Por que mudar uma coisa que sempre deu certo só porque um ET, vindo não se sabe de onde, que tem a fala diferente de todo mundo que ela conhece, vem dizer que faz mal?

Mesmo assim, ainda o farei.

Toda essa falação é para contar um fato inusitado, algo que me deixou verdadeiramente emocionado.

Quando passei hoje, apesar de todo movimento de pessoas e veículos por causa das vendas de natal, dois pardais (Passer domesticus) estavam comendo em sua mão.

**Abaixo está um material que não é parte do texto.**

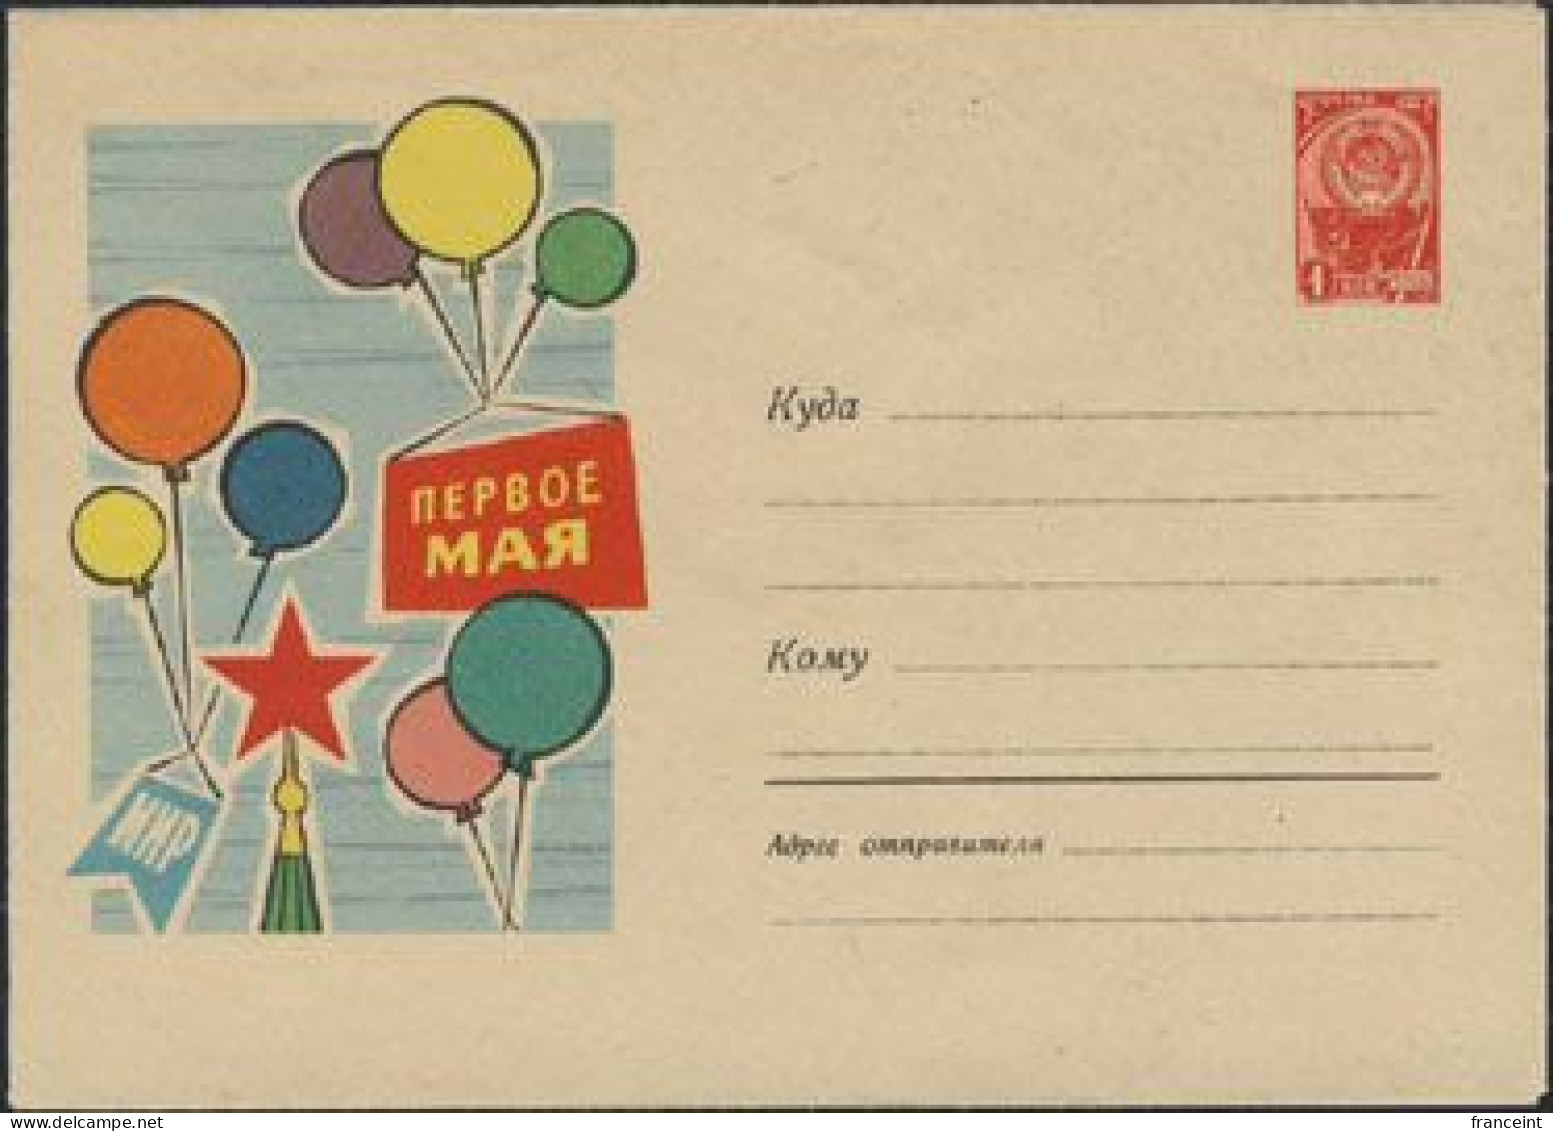 RUSSIA(1961) Balloons. Illustrated Postal Stationery For May 1 Celebration. - 1960-69

Um deles pousado na espiga de milho que ela estava segurando e o outro desceu da árvore e pousou em sua mão, quando ela chamou como quem chama galinha criada em quintal:

- tiú, tiú, tiú!

E ficaram os dois pássaros bicando a espiga enquanto ela falava:

- Tão cum fome, n’é?

Vieram outros e pousavam em seus ombros e braços.

Paravam de comer e voavam para a árvore, quando ela tinha que atender a algum cliente, mas retornavam depois, obedientes ao chamado, o que indica que os pássaros estão acostumados com esse movimento e que hoje não foi a primeira vez.

Estático, encostado na parede do prédio do Correio fiquei por longo tempo assistindo àquele espetáculo de integração entre espécies animais diferentes e pensando que enquanto tantos humanos só se preocupam com os outros animais na hora de destruí-los, aquela senhora, que deve ter a origem tão simples quanto seu aspecto e vestuário, que talvez nunca tenha lido (se é que sabe ler) alguma coisa sobre a necessidade da preservação das espécies para manter o frágil equilíbrio natural, ou sobre destruição de habitat, faz voluntariamente, apenas movida pela bondade e pela beleza do seu íntimo, o aporte nutricional que os pássaros necessitam e que, atraídos pelo cheiro do milho recém cortado e pelo chamado da pessoa amiga, buscam alimento para si e para seus filhotes.